Make your own rustic breads with fresh ingredients from the garden
Artisan breads at home
James Carrier
A round of Garden Tomato Bread.

Recipes:

Leek and Walnut Bread

Garden Tomato Bread

Zucchini Bread with Moroccan Spices

Mornings often find Lou Preston, owner and winemaker of Preston Vineyards near Healdsburg, California, mixing bread dough, not cuvées, and deftly loading his brick oven with dozens of uniform loaves.

Heavy wood farmhouse tables cohabit amicably with gleaming stainless steel equipment in the winery’s commercial bakery, an arrangement echoed by the way Preston keeps track of the recipes for his artisan breads ― on a floury Palm Pilot in his pocket.

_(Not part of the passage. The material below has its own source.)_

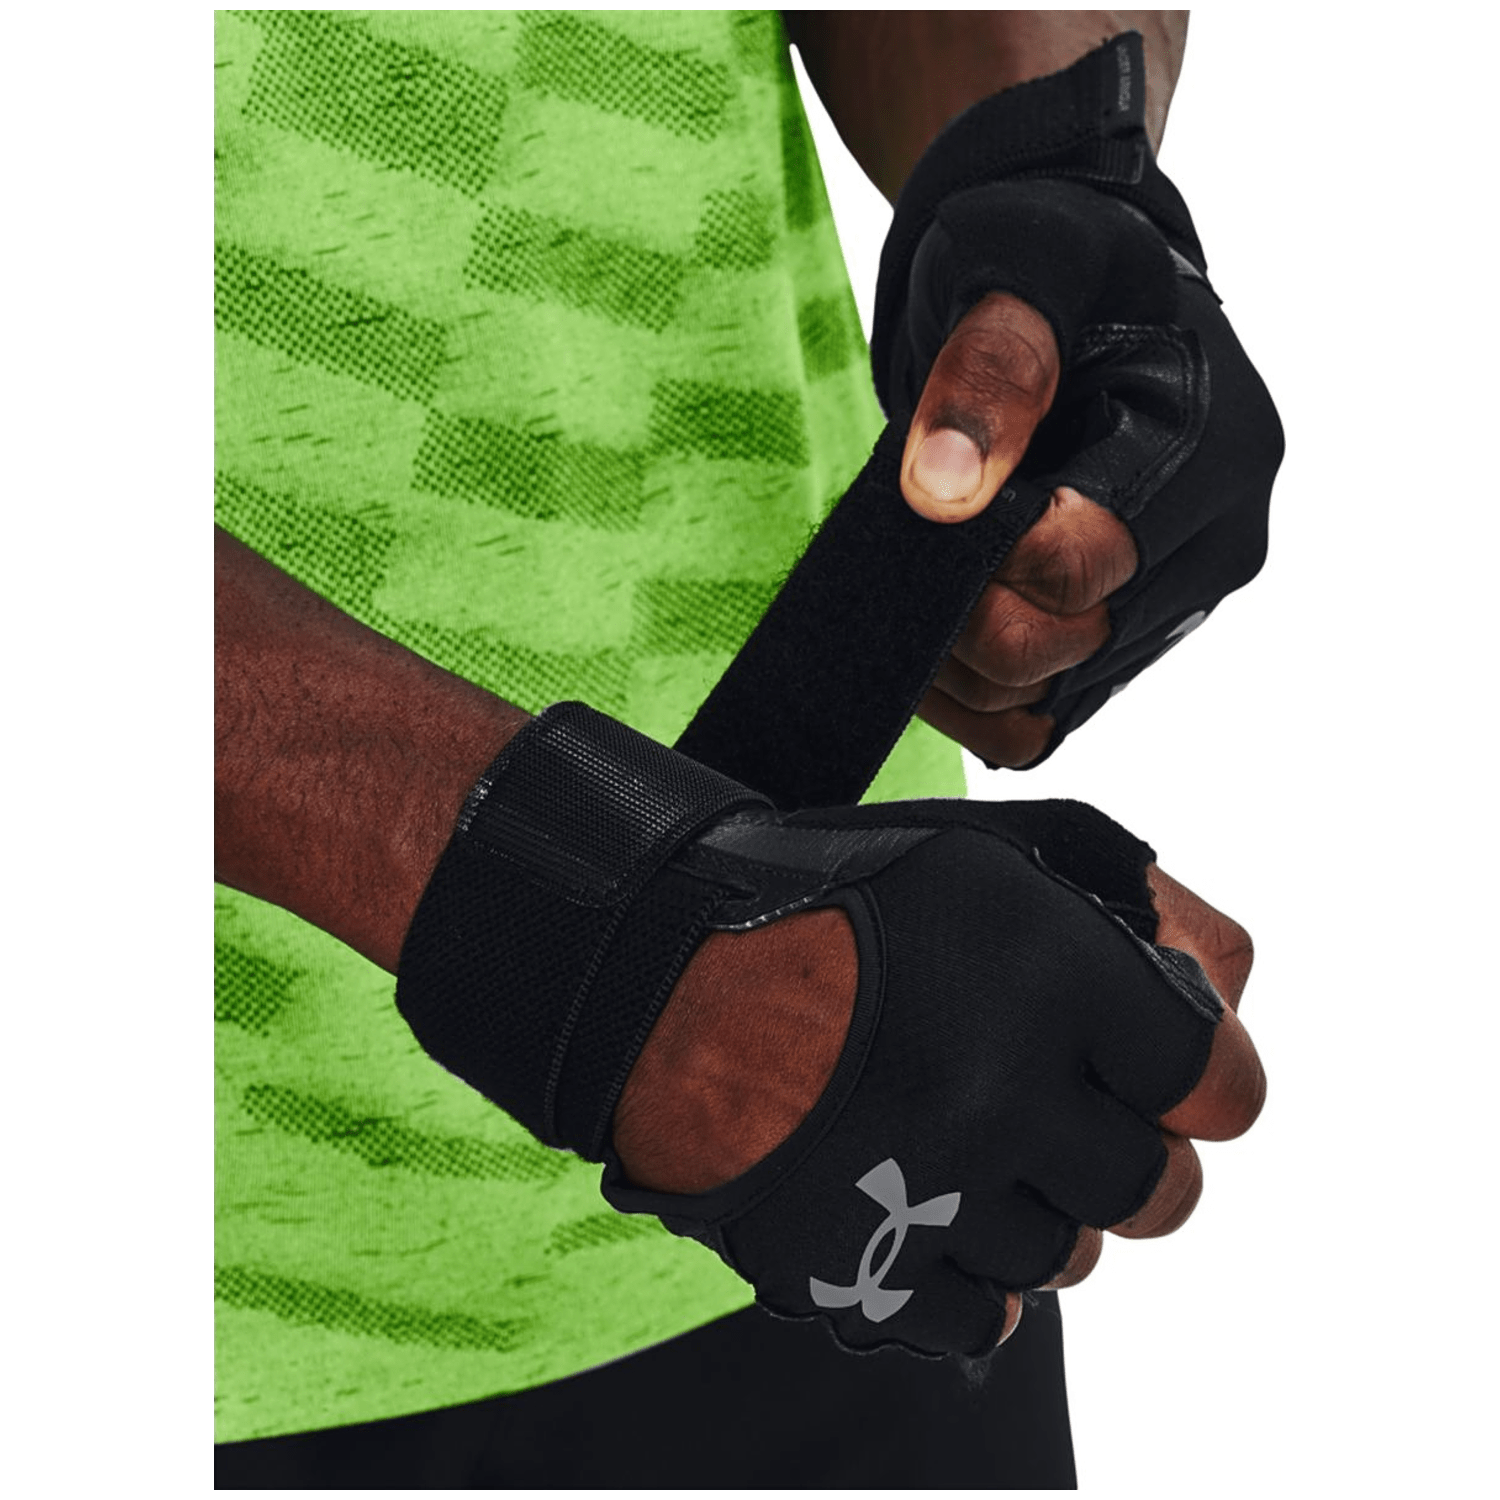 Under Armour M's Weightlifting Gloves Herren Fingerhandschuhe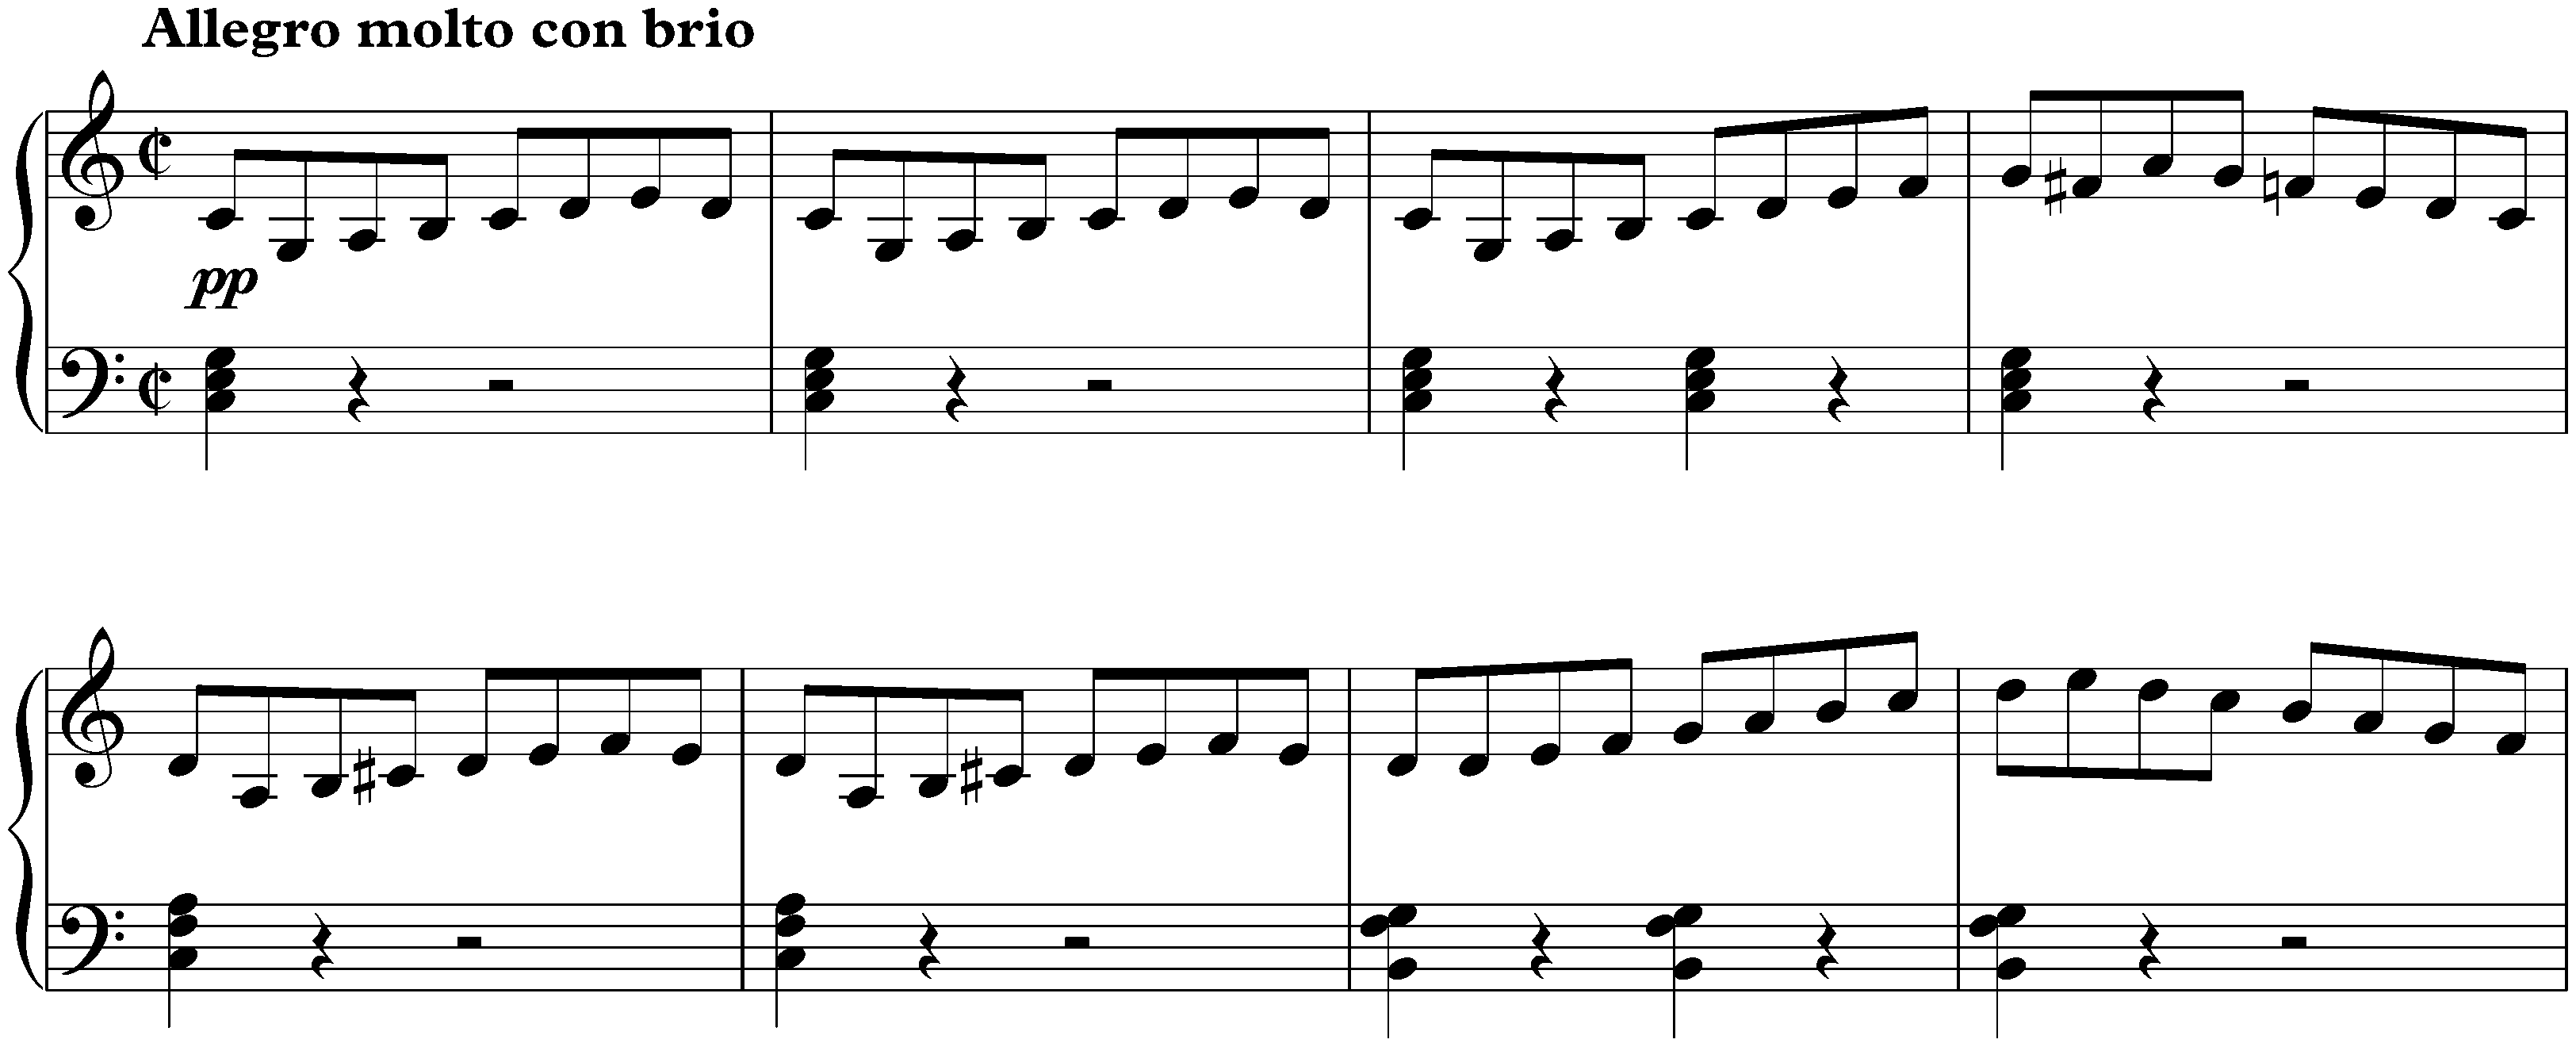 Die Geschöpfe des Prometheus, op. 43; 1. Overtura: Adagio – Allegro molto con brio

Much of what grows on the winery grounds ― vegetables, herbs, olives, even the grapes themselves ― finds its way into Preston’s crusty loaves. It makes sense that a passion for baking bread would coincide with a passion for making wine.

Both depend on warm weather to ripen the harvest that imbues them with the character of the place where they were made; both develop the best flavor from a long, cool fermentation; and for both, a successful blend of flavors depends on no one element overwhelming the rest.

Combinations like leek and walnut and tomato and herb inspired us to adapt Preston’s recipes and techniques for the home kitchen. We offer them here, along with tips and shortcuts, in the cause of making artisans of us all.